Farewill’s success stems largely from their ability to construct a team that deeply cares about the mission of creating a simple, fast, and fair way to deal with death. The team that Co-Founder Dan Garrett has constructed harkens back to the legendary football teams like Manchester United in the 1990s, stacked across the board with highly talented, capable players who would all be stars in their own right on any other team. Farewill’s total football approach has enabled them to build a culture that combines the best of an analytical, data-driven company with a very human touch that allows them to serve consumers in a way that their incumbents cannot.

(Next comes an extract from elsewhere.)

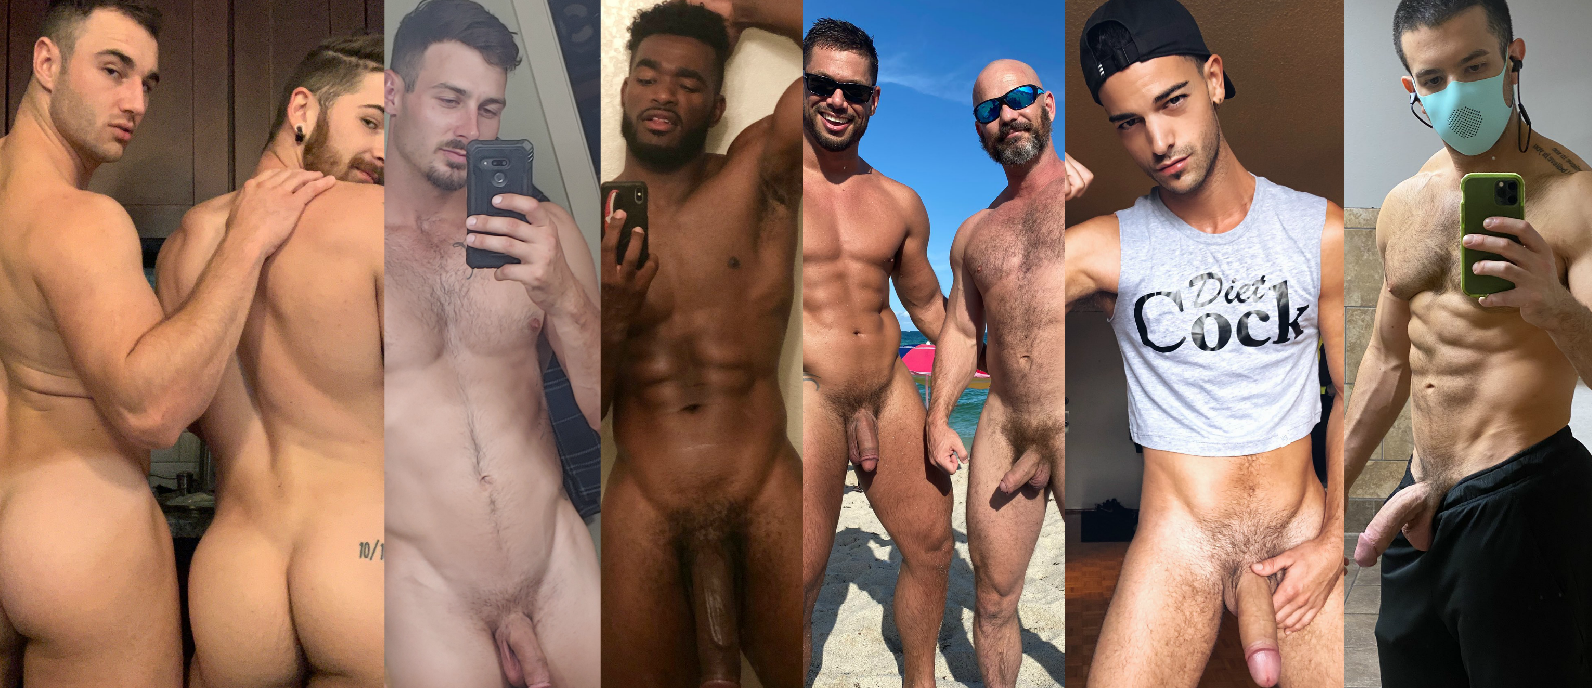 best gay porn tumblr sites

Dan has a great background to build a category-defining, brand-led company. He’s a polymath who has managed to tie together his experiences — which started with a Masters in Engineering from Oxford and a Double Masters in Design from the RCA to designing cars for McLaren, publishing papers on surface mathematics, creating fashion work displayed in MoMa, the V&A, and the Design Museum to spending countless hours learning how to write wills and direct funerals. Most importantly, he has an unmatched passion to serve customers at one of the most emotionally jarring times of their lives and build a team of people whose empathy can match the life events facing their customers.
We are proud to partner with Dan, the entire Farewill team, and a stellar group of investors on their £20M fundraise today — Highland Europe, Augmentum FinTech, Keen Venture Partners, Kindred Capital, Saatchinvest, dmg ventures, JamJar, Tiny.vc, and the Founders of Transferwise and Zoopla, amongst others — to give everyone a better way to deal with death.